-- WHAT IS EXPECTED --
Pictures do not belong in the copy. Output exactly the lines from the one containing "woman in blue" to the end of the listing below.

-- DATA SHOWN --
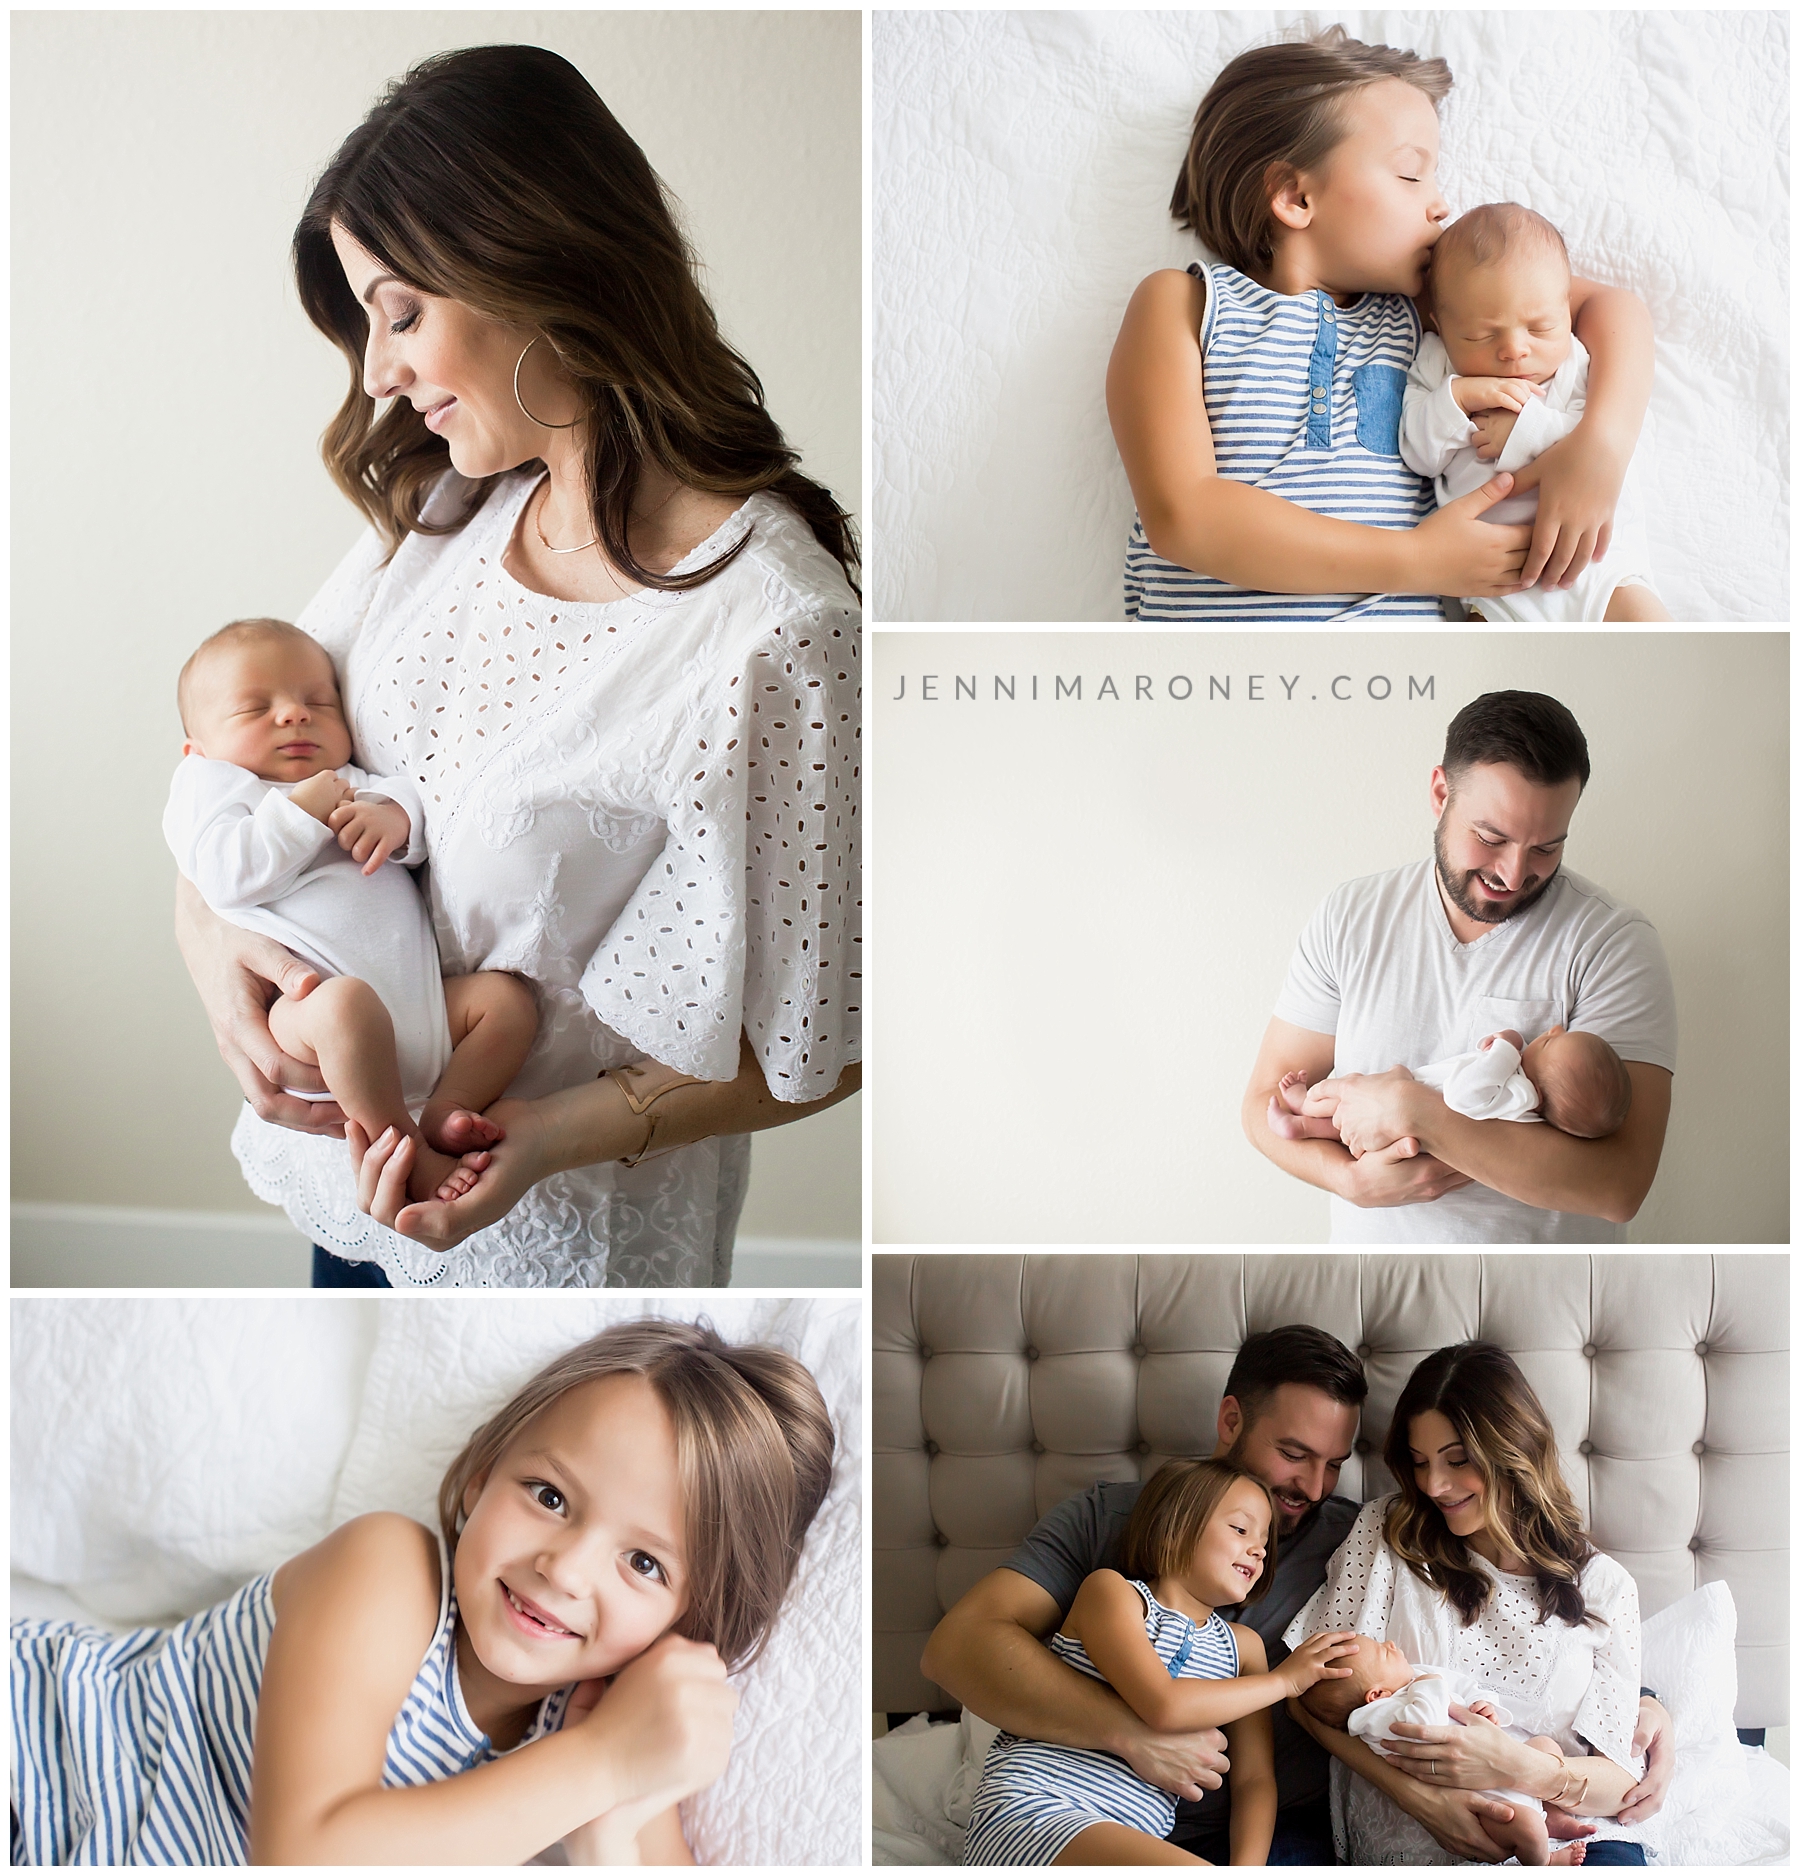 Boulder newborn photographer and boulder newborn photography studio owner, Jenni Maroney specializes in simple, natural newborn photography.
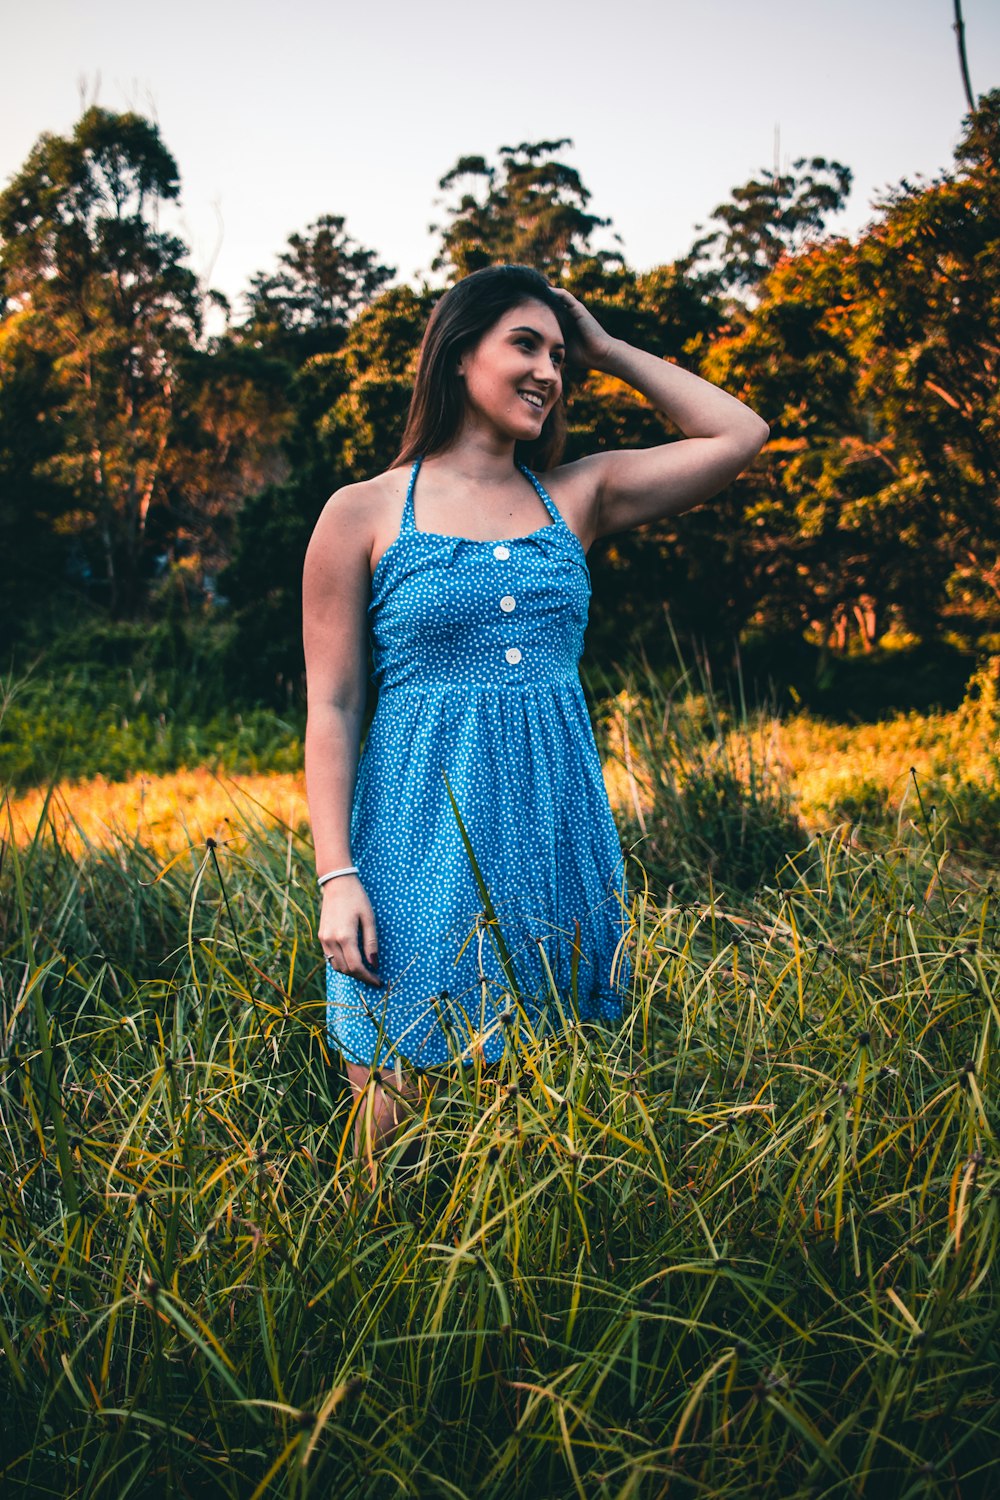 woman in blue and white polka dot spaghetti strap dress standing on green grass field during
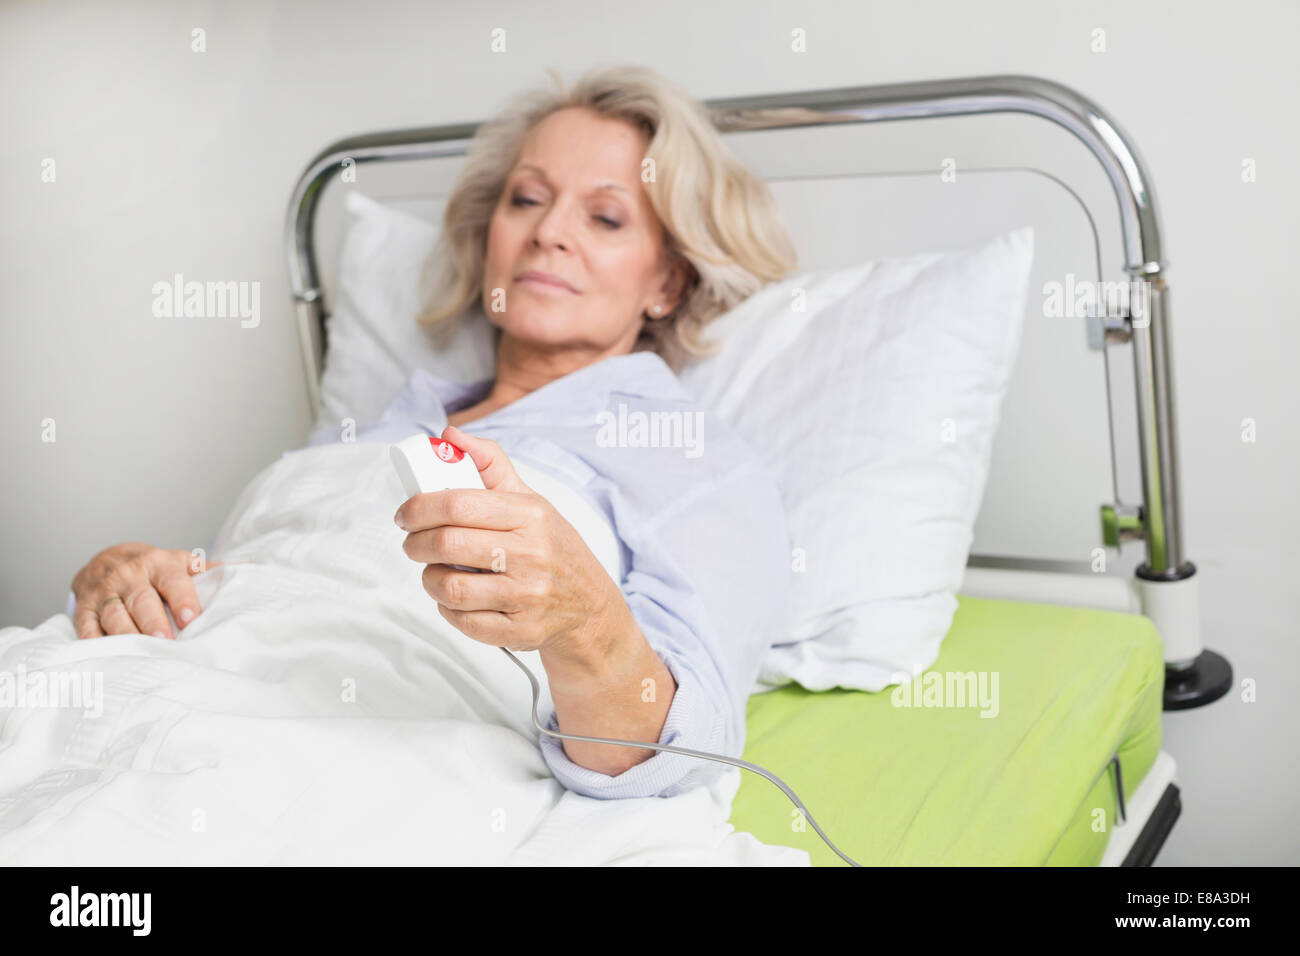 Patient in hospital ringing for nurse Stock Photo

-- SOLUTION FOR THIS EXERCISE --
 woman in blue and white polka dot spaghetti strap dress standing on green grass field during
 Patient in hospital ringing for nurse Stock Photo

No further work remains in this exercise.